The triglyceride-to-HDL ratio adds a third dimension to this picture. A high ratio basically means there is too much fat circulating in the blood and not enough HDL, the “protective” cholesterol that helps clean up inflammation and oxidative damage, and this combination is associated with a metabolic environment more permissive to cancer growth. When triglycerides are high, the body is usually dealing with insulin resistance, higher estrogen activity, and more inflammatory signals, all of which can push cells toward abnormal growth.
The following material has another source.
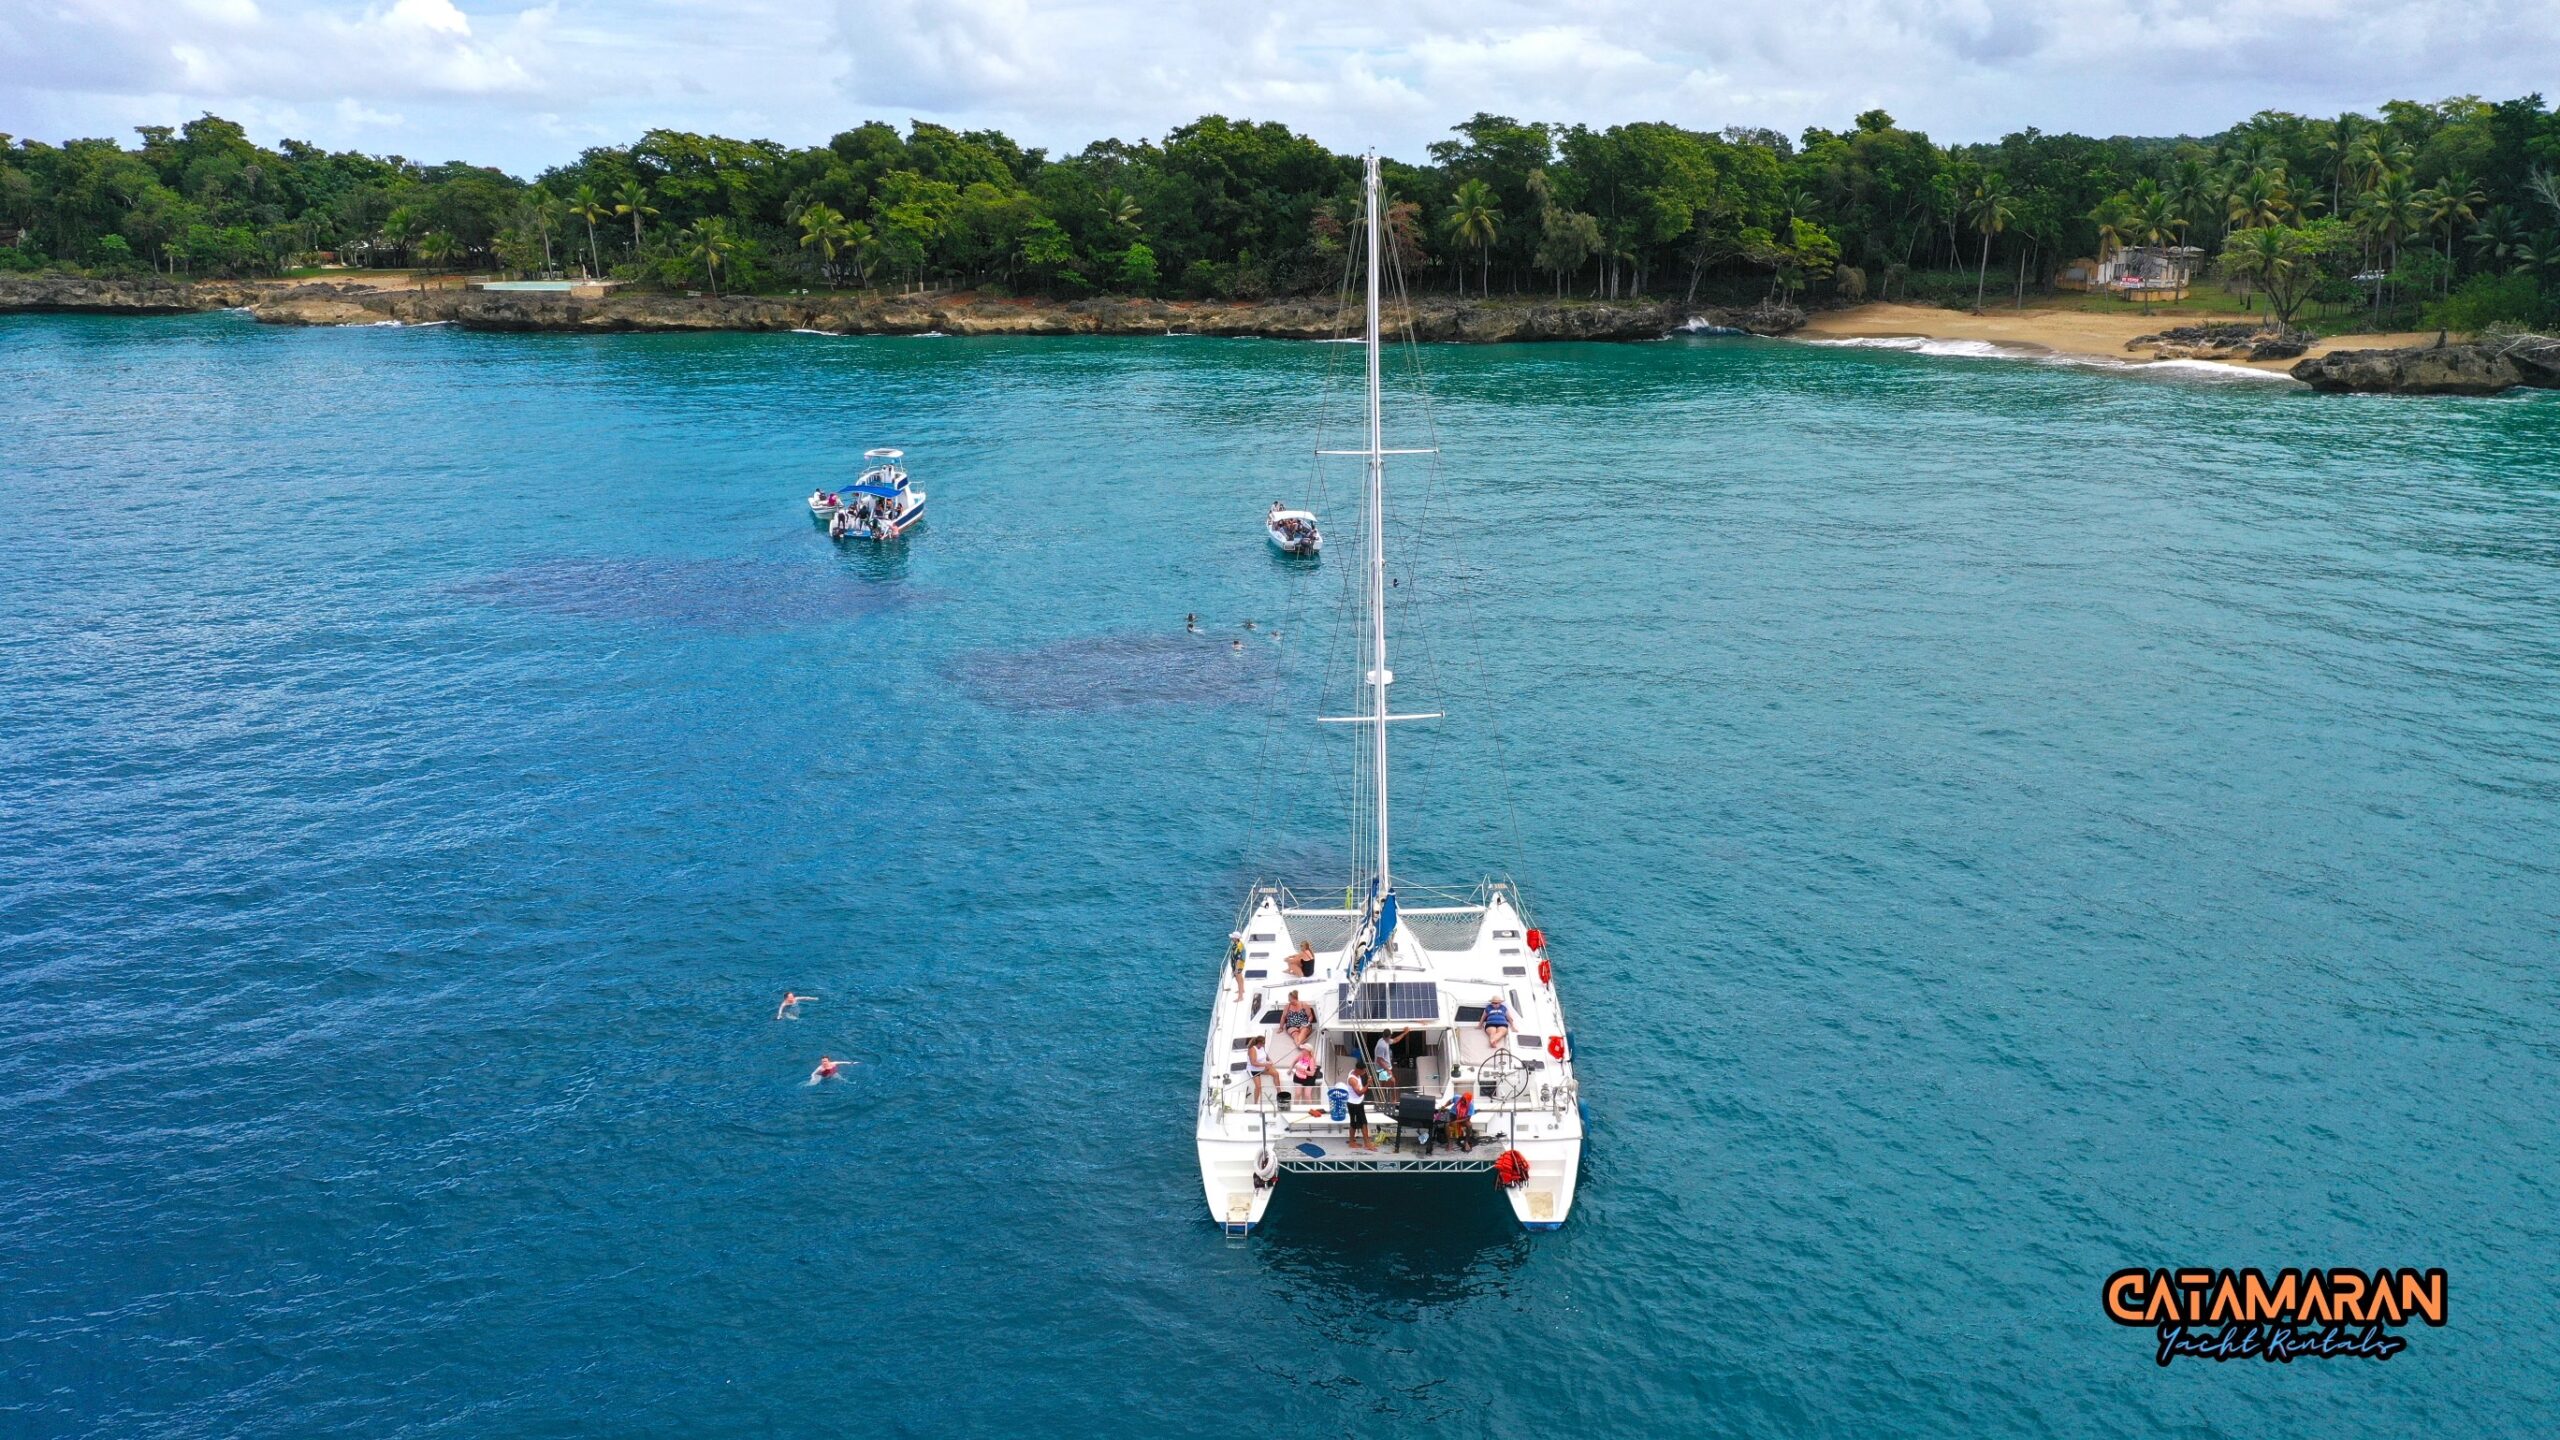 A Sosua catamaran charter with cruise ship passengers from Taino Bay.

When HDL is low, the body loses a major antioxidant and anti-inflammatory defense system that normally helps protect DNA from damage. Together, a high TG/HDL ratio reflects chronic inflammation, oxidative stress, hormonal imbalance, and poor metabolic health, and studies link this pattern to an increased risk of several cancers. In simple terms, the higher the triglycerides and the lower the HDL, the more fertile the internal environment may become for cancer to develop or progress.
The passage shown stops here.